Self-driving car hits 105 km/h on highway

Self-driving car hits 105 km/h on highway


US: Researchers at the Carnegie Mellon University (CMU) in Pennsylvania have developed a ‘crash-proof’ self-driving car. The driverless self-driven Cadillac SRX has successfully passed a 53 km test-drive. It has demonstrated the ability of maneuvering through stop-and-go traffic in the city and hitting 105 km/h on highways.

The driverless car has been developed by a team researchers led by Professor Raj Rajkumar who directs CMU”s transportation research centre and co-directs the CMU-General Motors Autonomous Driving Collaborative Research Lab. The car uses inputs from radars, laser range finders, and infrared cameras to navigate through traffic. The autonomous system controls the steering, speed and braking.
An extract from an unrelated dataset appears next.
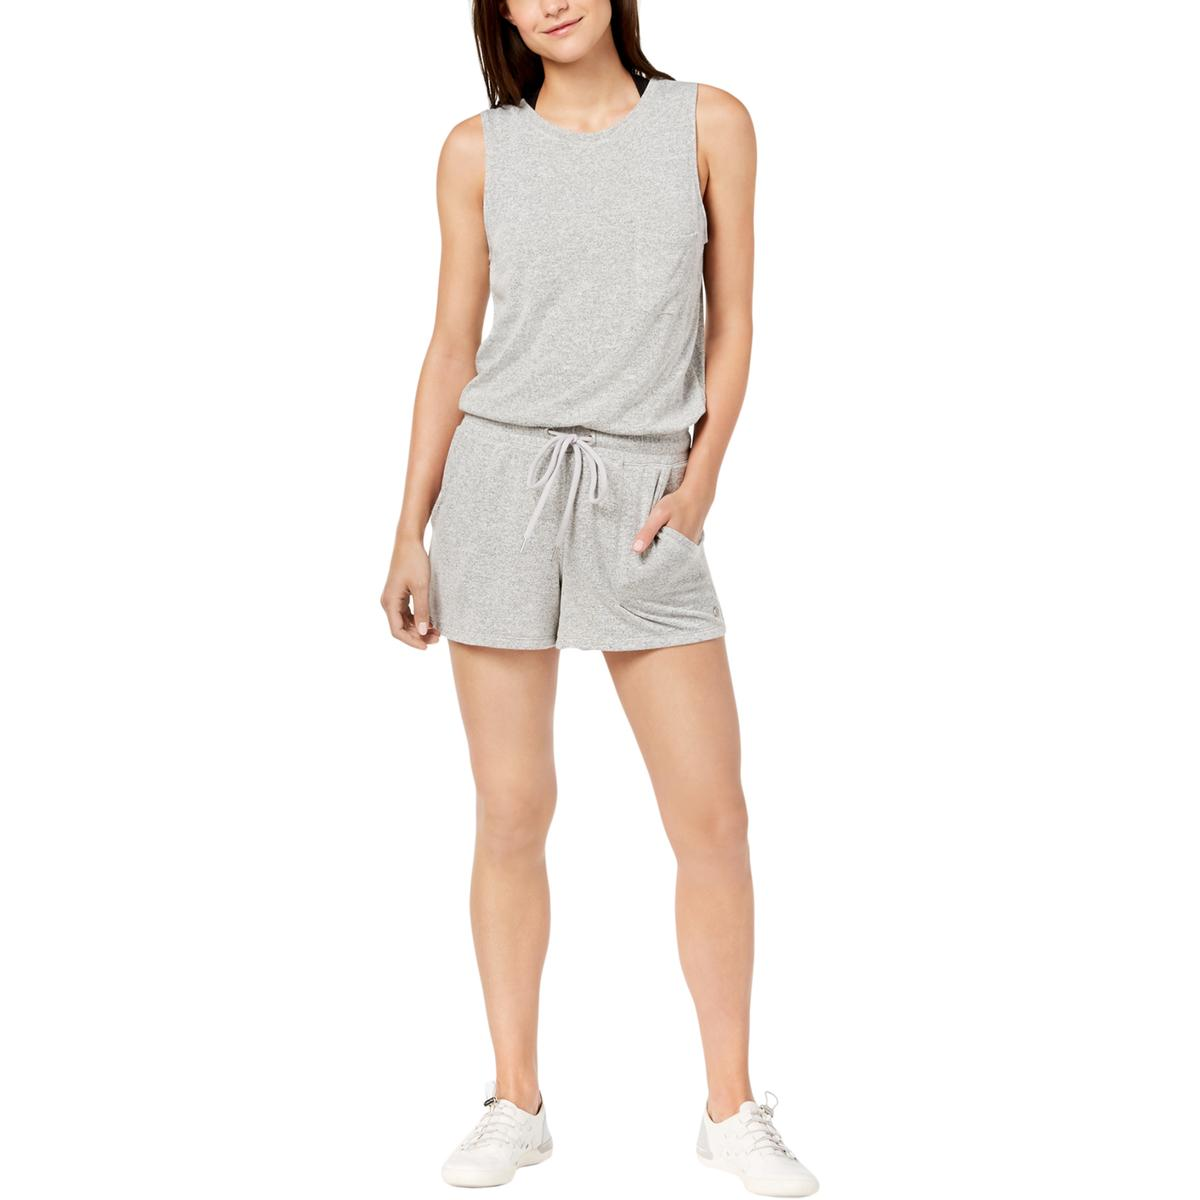 b316a4ed3b5b Calvin Klein Performance Womens Gray Workout Romper Athletic XL BHFO ...

It can also detect and avoid obstacles on the road. It is capable of providing warnings of obstacles and communicating vehicle status to its passengers using a human-like voice.

On Wednesday, the driverless Cadillac SRX took US Republican Congressman Bill Shuster (who also happens to be the chairman of the House Transportation and Infrastructure Committee) and Barry Schoch, secretary of the Pennsylvania Department of Transportation, on a 53 km drive to the Pittsburgh International Airport. The drive began in a suburban area with stop-and-go traffic and then reached speeds of about 105 km/h on a highway. A Carnegie Mellon engineer was in the driver”s seat as a safety precaution.